To load and plot the data, we run the following R code:

```
library(readr)
library(ggplot2)
time <- read_csv("time.csv")
ggplot(time, aes(n,t)) + geom_point() + geom_smooth(method="lm",se=F)
```

The blue line is the linear regression line. The fact that the middle points are below the regression line is a sign of a faster-than-linear growth. But the non-linearity is too subtle to be quadratic; so it’s probably \(O(n\log n)\).

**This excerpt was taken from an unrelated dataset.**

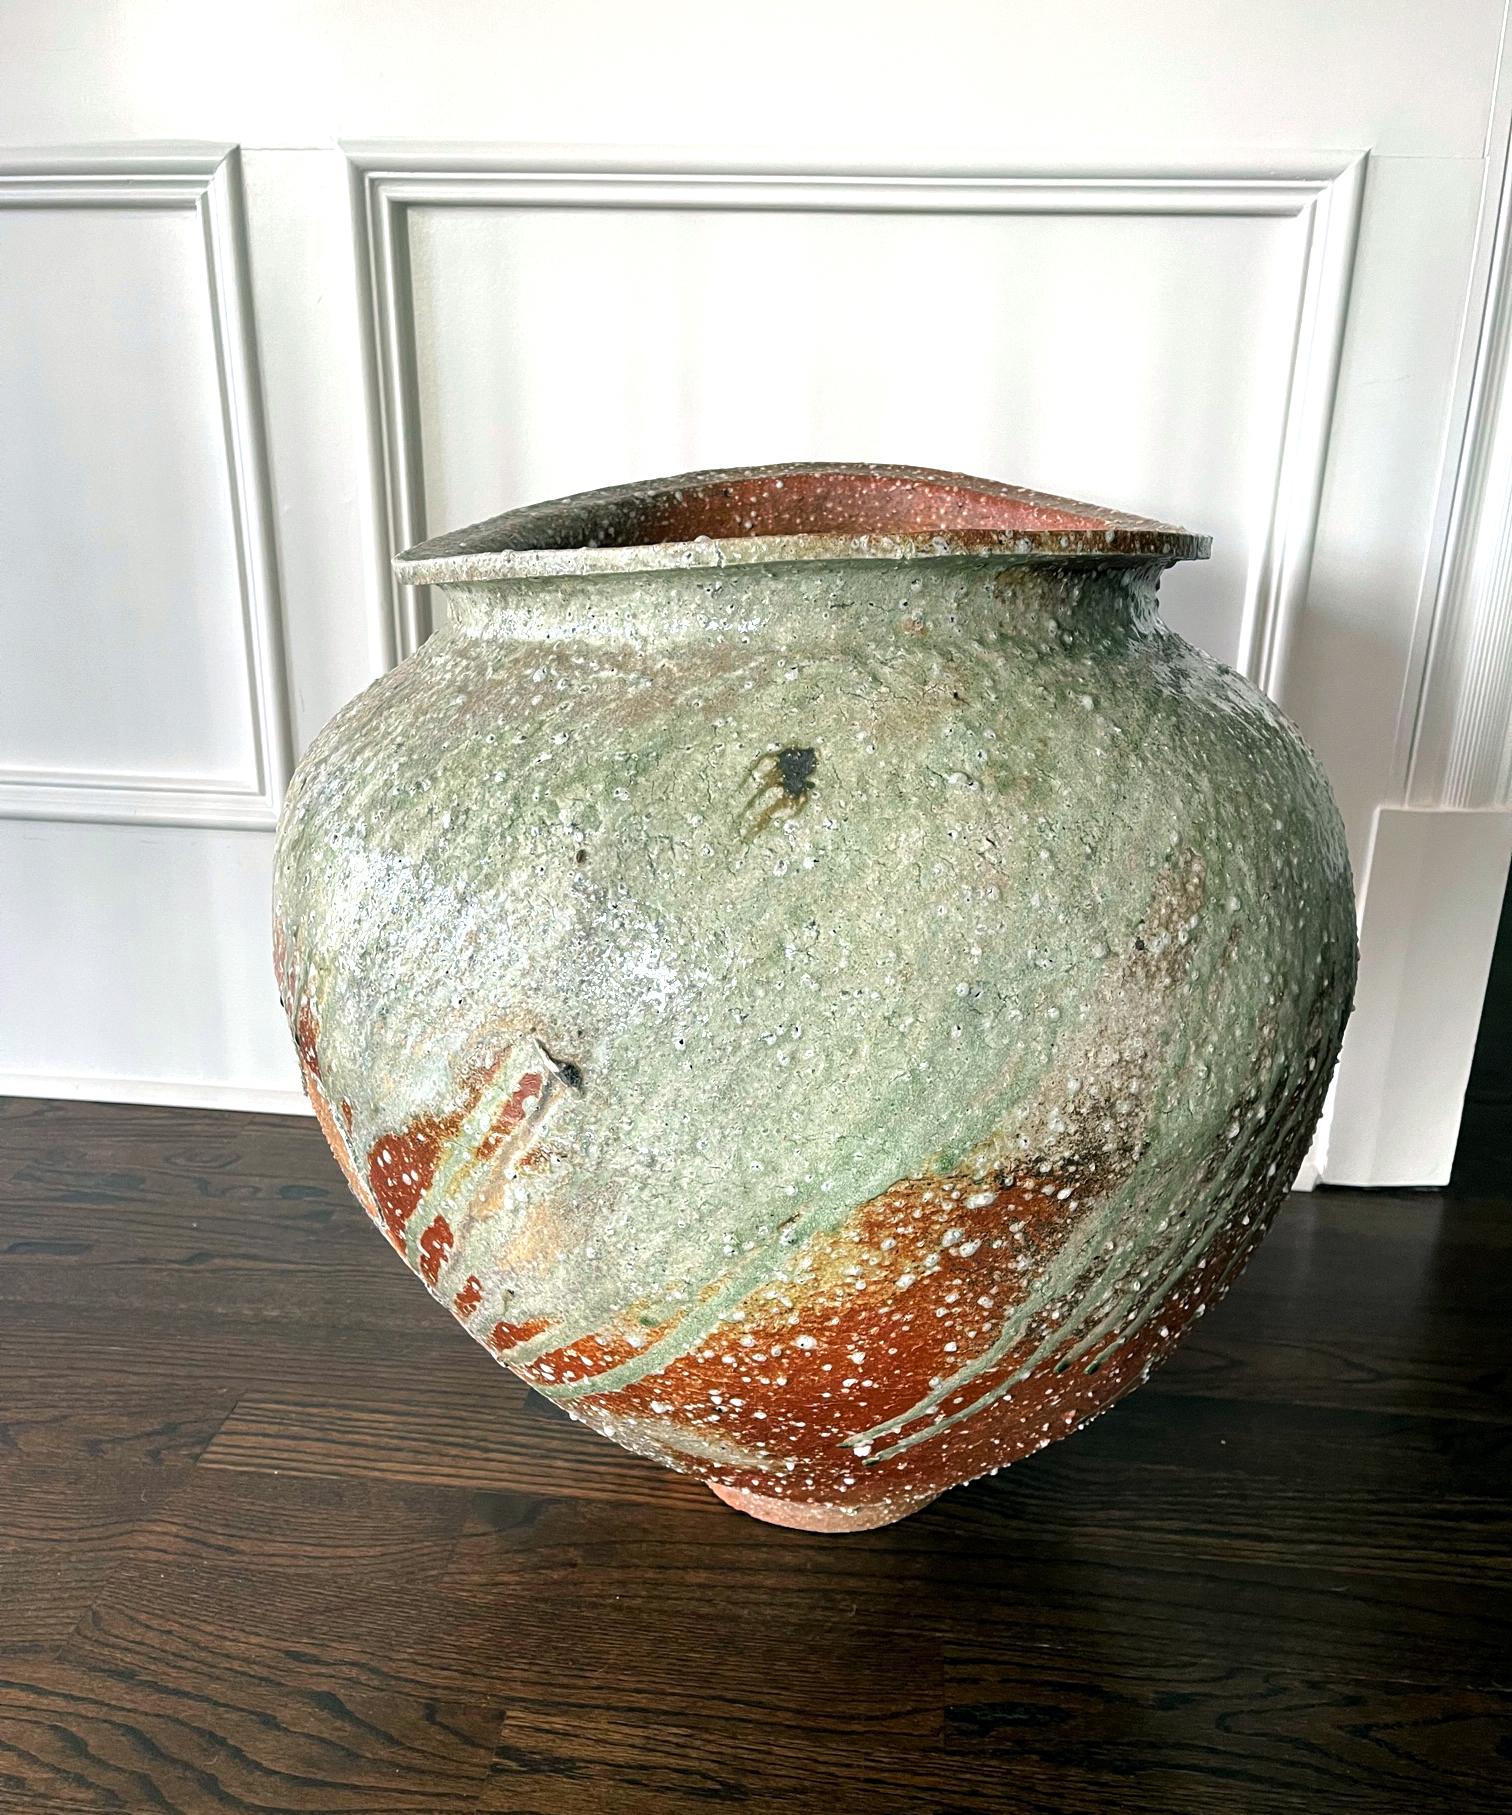 Un pot de sol massif en grès tsubo créé par l'artiste céramique contemporain japonais Kai Tsujimura (1976-). Cette lourde jarre au volume impressionnant a été fabriquée dans la tradition de la céramique d'Iga avec de l'argile sableuse grossière

To build a model with correlated predictors (\(n\) and \(n\log n\) in this case), it’s better to have more data. Let’s rerun our benchmark script, `bench.sh`

, with a smaller step size of 100000 and tee the output to `time2.csv`

.

Now we fit the model

\[t = a + b\cdot n + c\cdot n\log n\]

and plot it along the data points. As a rule of thumb, if you include higher-order terms (like \(n\log n\) or \(n^2\)), include all lower-order terms (like \(n\)) as well. Note that `lm`

adds the intercept term \(a\) automatically.

```
library(dplyr)
time <- read_csv("time2.csv")
nlm <- lm(t ~ n + I(n*log(n)), data=time)
time <- mutate(time, model=predict(nlm))
ggplot(time) + geom_point(aes(n,t)) + geom_line(aes(n,model), color="blue")
```

The model with an \(n\log n\) term gives a more realistic fit, so we’ll stick with it.

Let’s find out how many nucleotides are in the whole chromosome:

```
% awk '/^[^>]/{n+=length($0)} END{print(n)}' hs_ref_GRCh38.p7_chr3.fa
202786747
```

Now we simply plug this number into our R model:

`predict(nlm, newdata=list(n=202786747))`

`332.2153`

So, our prediction is 332 seconds, or 5.5 minutes.

To check this prediction, I actually left `bowtie2-build`

running for a while. It completed in 350 seconds — within 5% of our prediction!

On the other hand, if we went with the linear model, our prediction would have been 176 seconds — a severe underestimation by a factor of 2. The model with \(n \log n\) but without the linear term would have predicted 206 seconds — only somewhat better than the linear model.